### The data

%%

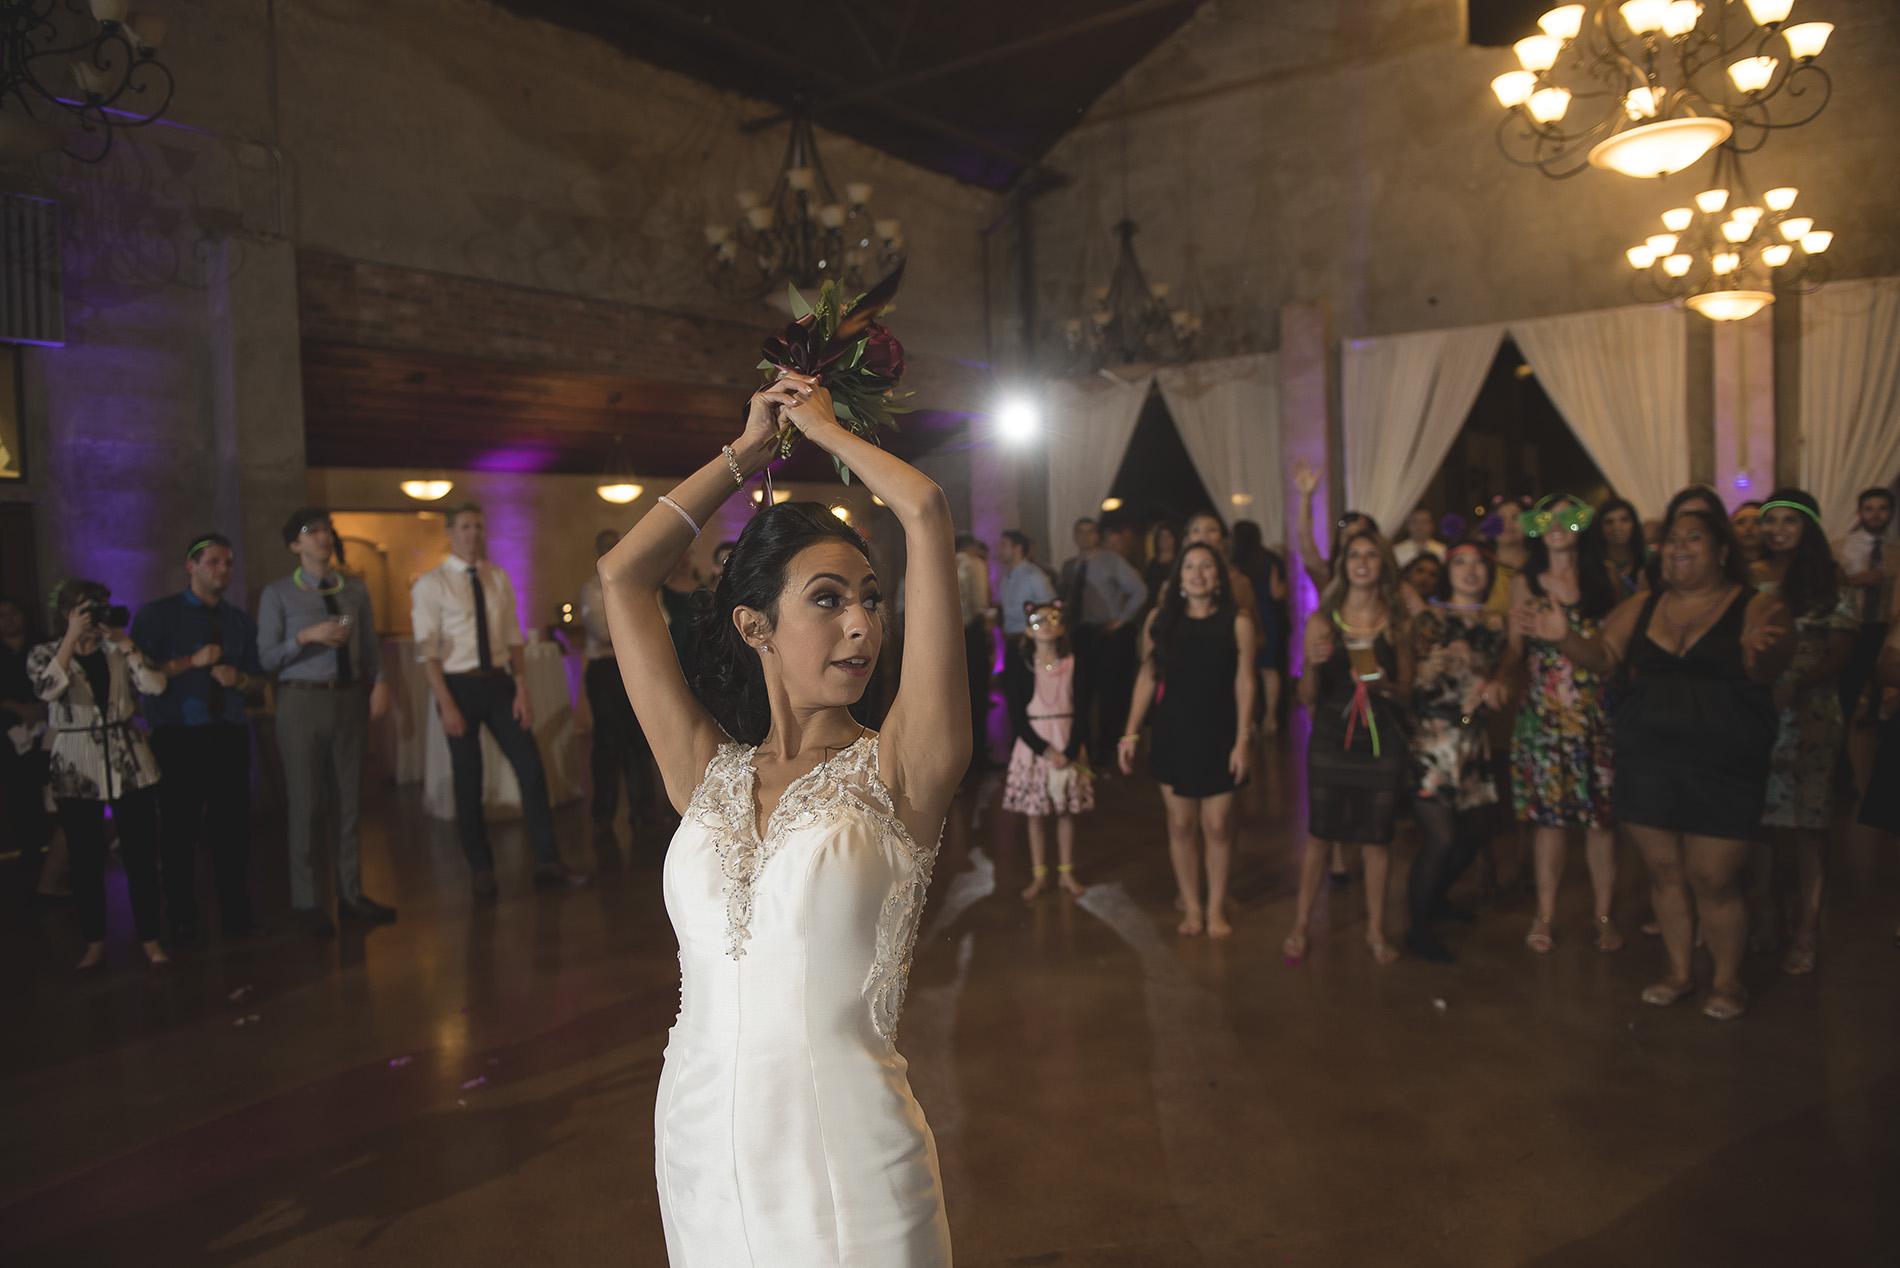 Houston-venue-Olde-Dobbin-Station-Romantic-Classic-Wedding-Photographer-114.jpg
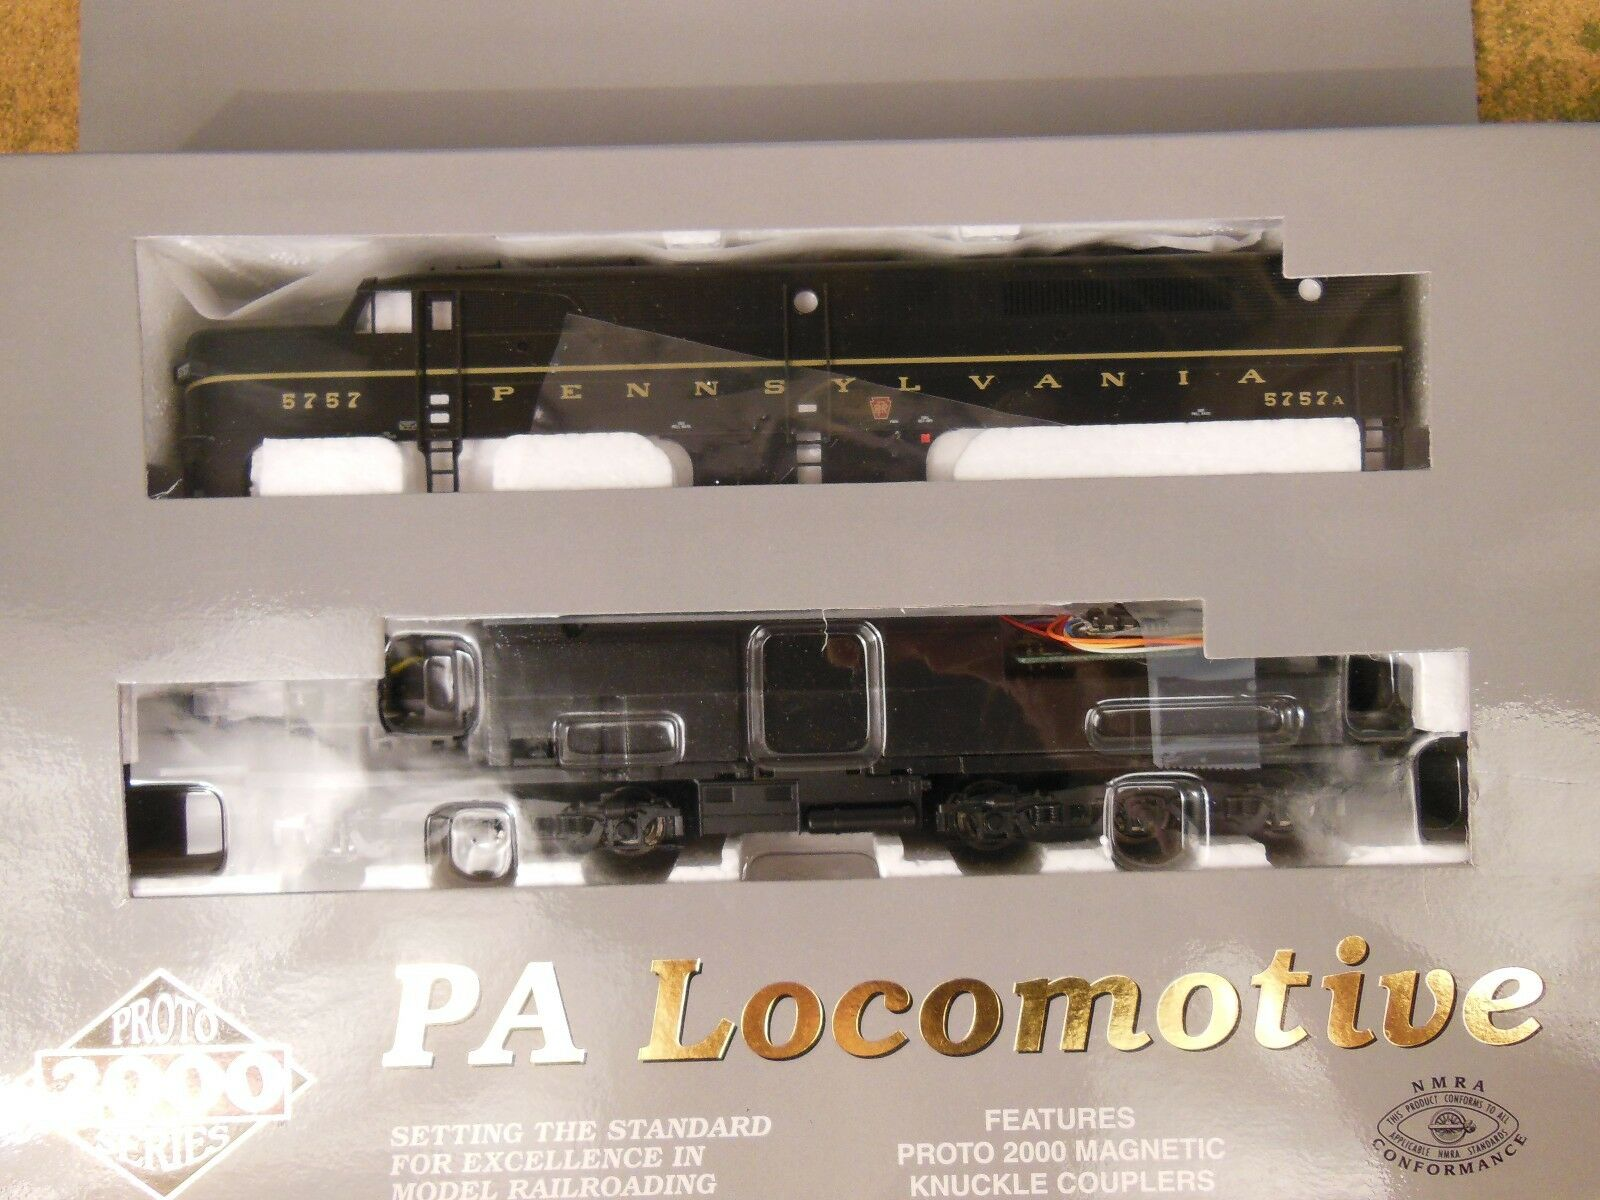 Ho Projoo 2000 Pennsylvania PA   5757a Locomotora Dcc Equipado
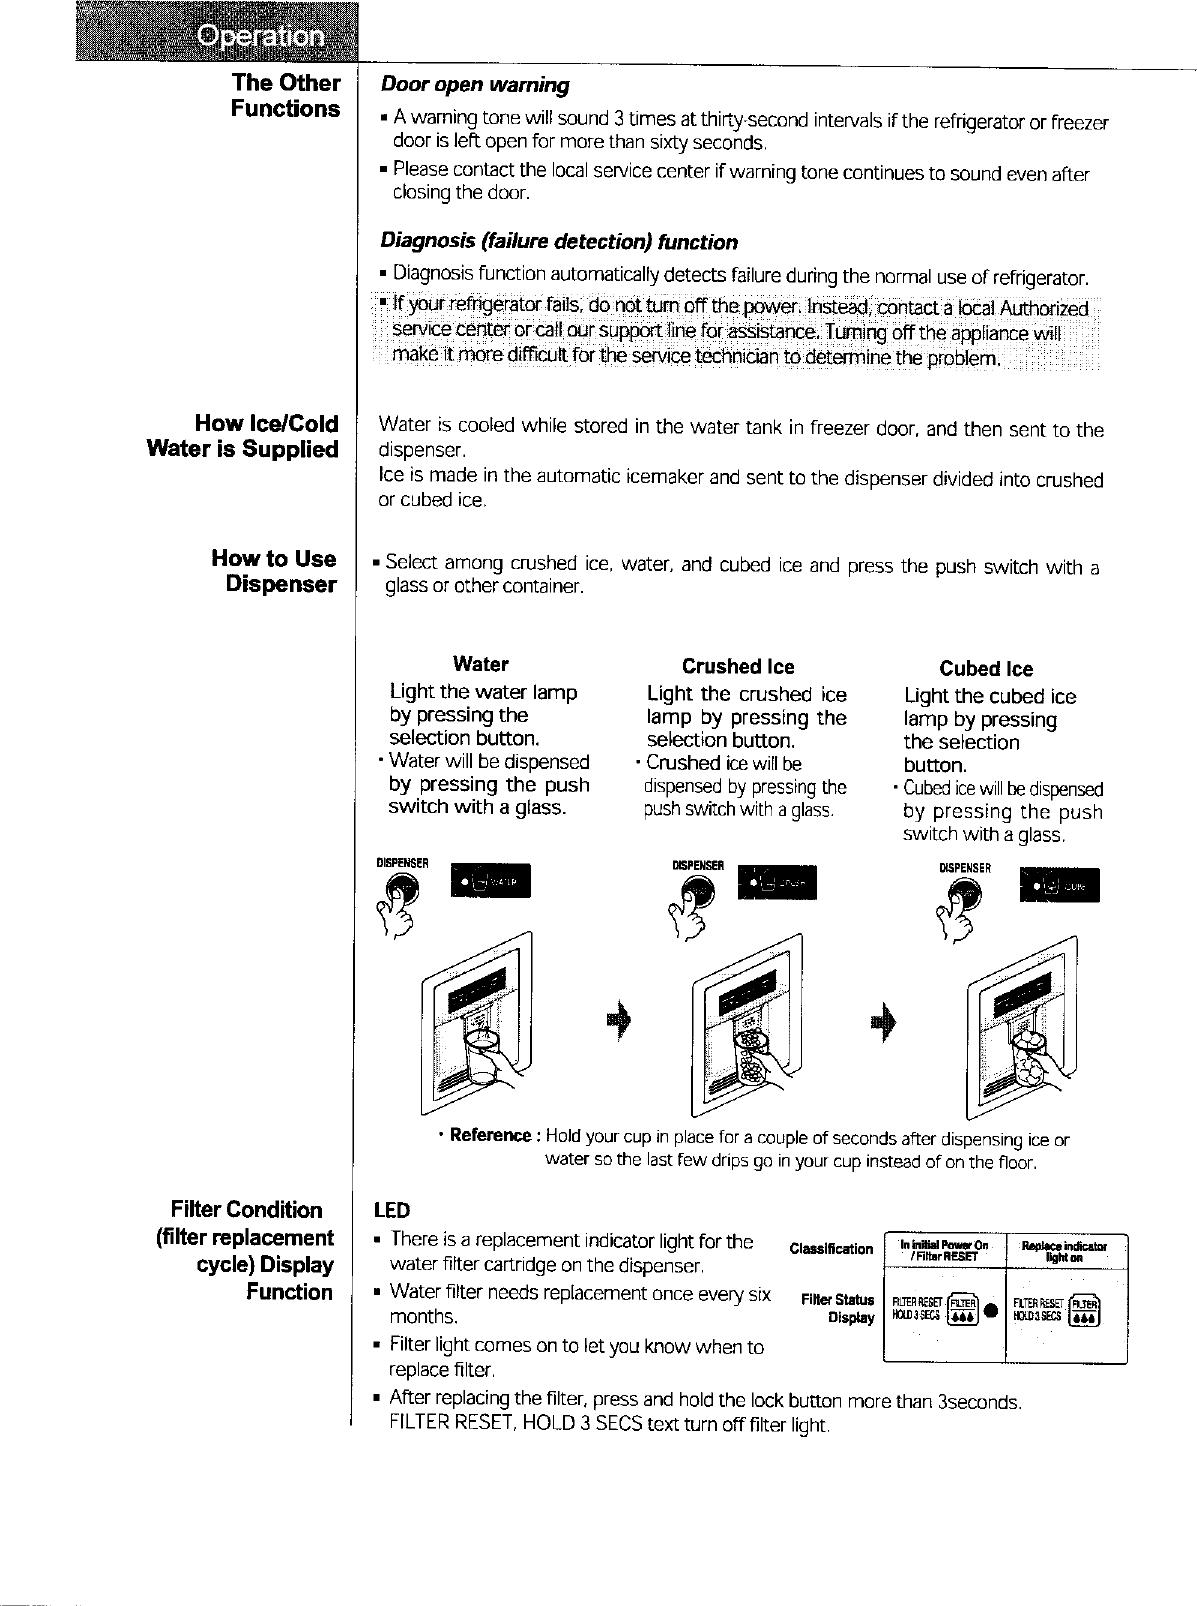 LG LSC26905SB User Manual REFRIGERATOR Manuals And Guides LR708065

%%

### Required work
Give the data again exactly as written, with all pictures left out.

### Problem solution
 Houston-venue-Olde-Dobbin-Station-Romantic-Classic-Wedding-Photographer-114.jpg
 Ho Projoo 2000 Pennsylvania PA   5757a Locomotora Dcc Equipado
 LG LSC26905SB User Manual REFRIGERATOR Manuals And Guides LR708065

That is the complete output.